Carolina Portesi Peroni (born 11 May 2001) is an Italian ice dancer. With her skating partner, Michael Chrastecky, she is the 2023 Italian national bronze medalist, a two-time Italian junior national champion (2020–21) and competed in the final segment at the 2020 World Junior Championships.

Personal life 
Portesi Peroni was born on 11 May 2001, in Brescia, Italy, to Michela Peroni and Nicola Portesi. She has an older sister named Camilla.

Career

Early career 
Portesi Peroni competed for two seasons with Alessio Galli before forming a partnership with Czech-Slovene dancer Michael Chrastecky to represent her country.

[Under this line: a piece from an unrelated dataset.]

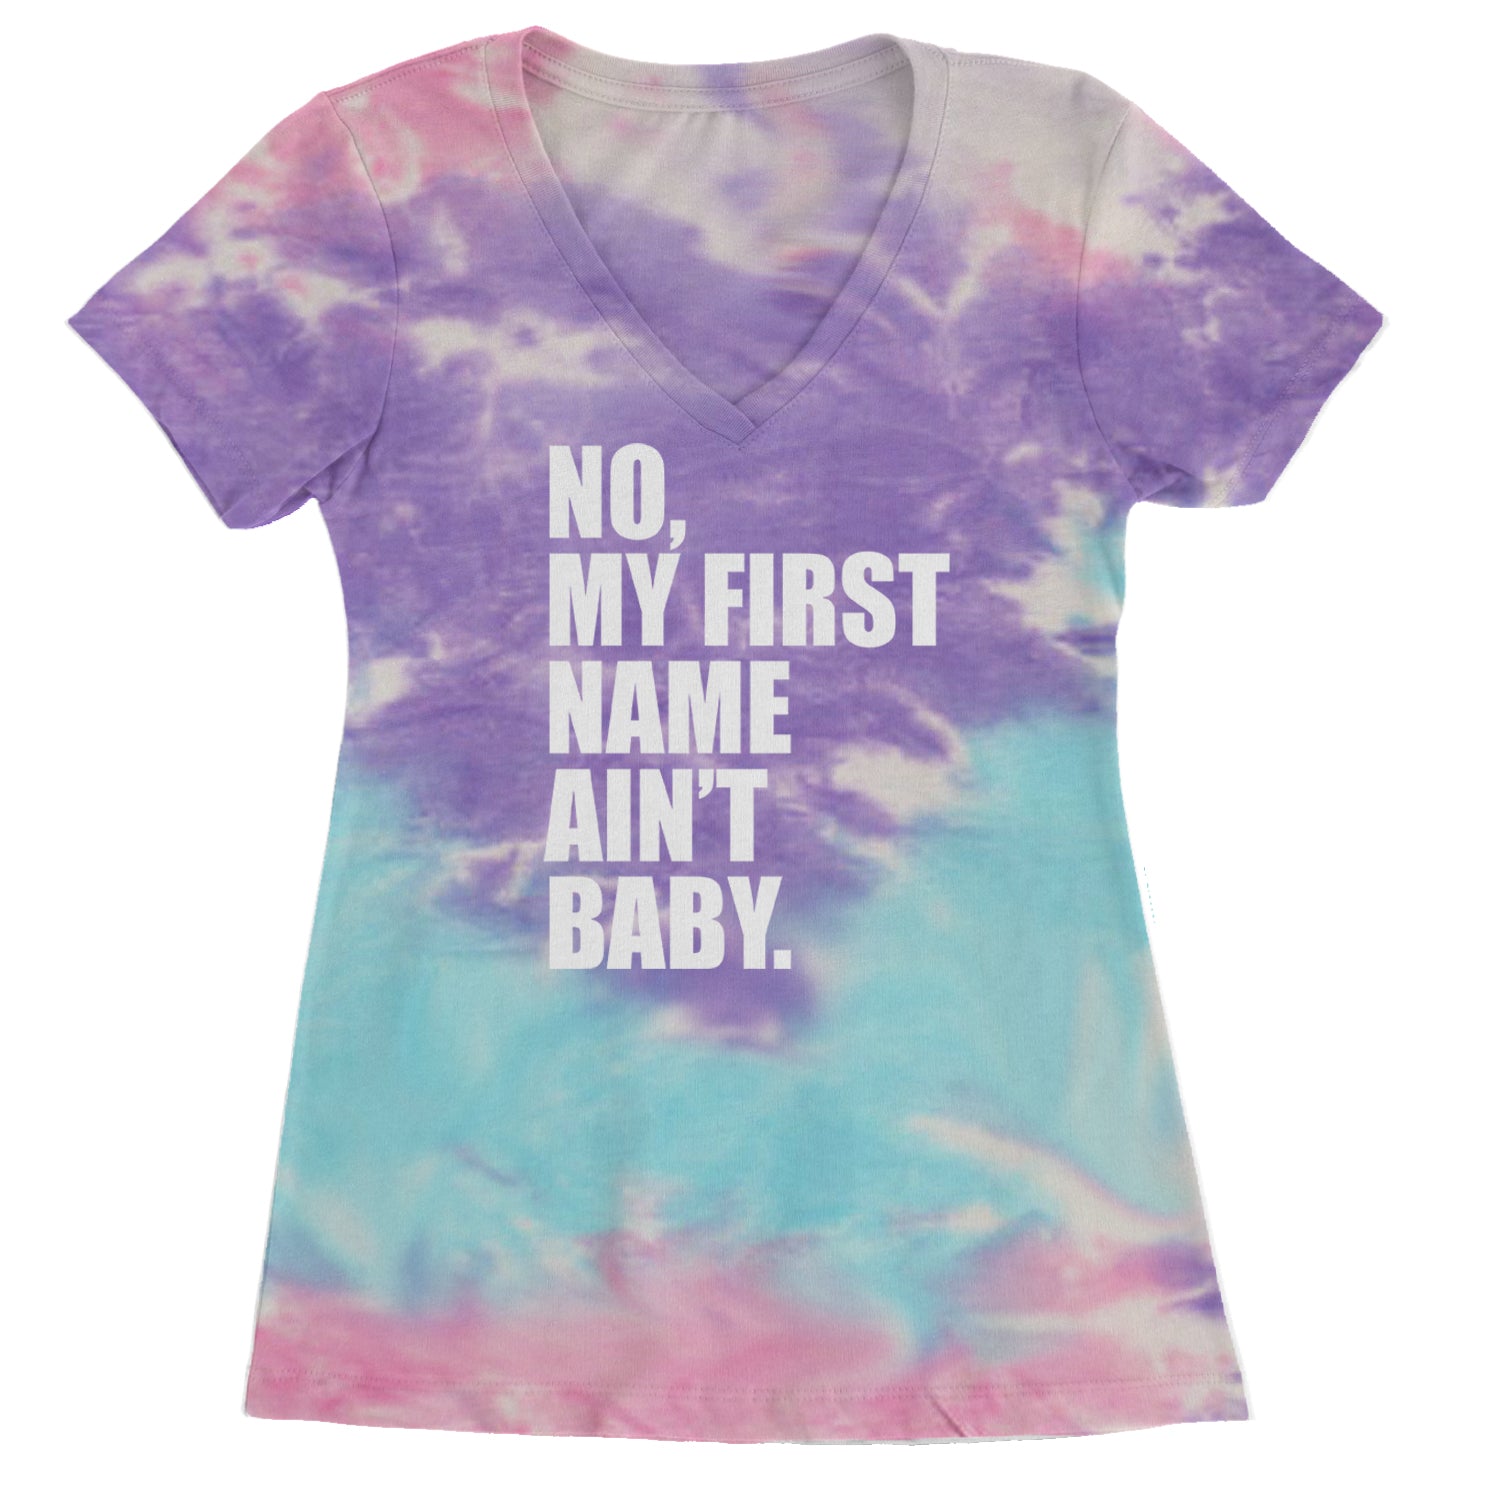 No My First Name Ain't Baby Together Again Ladies V-Neck T-shirt Cotton Candy

Portesi Peroni/Chrastecky made their Junior Grand Prix debut at the 2017 JGP Italy, where they placed tenth. They did not return to the Junior Grand Prix the following season, competing instead at several minor, junior internationals and winning the bronze medal at the Italian championships.

2019–20 season 
Returning to the Junior Grand Prix, Portesi Peroni/Chrastecky placed seventh at 2019 JGP France and ninth at 2019 JGP Croatia. They won a bronze medal at the junior competition at Golden Spin and then took the gold at the Italian junior nationals for the first time.  They concluded the season making their debut at the World Junior Championships, where they finished in seventeenth position.

2020–21 season 
With the coronavirus pandemic causing the cancellation of the international junior season, Portesi Peroni/Chrastecky won their second consecutive Italian junior title.

2021–22 season 
Making their international senior debut on the Challenger series, Portesi Peroni/Chrastecky placed eleventh on the 2021 CS Lombardia Trophy.  They next competed at the 2021 CS Nebelhorn Trophy, seeking to qualify a second spot for Italy at the 2022 Winter Olympics. They placed eighth, making Italy the third reserve.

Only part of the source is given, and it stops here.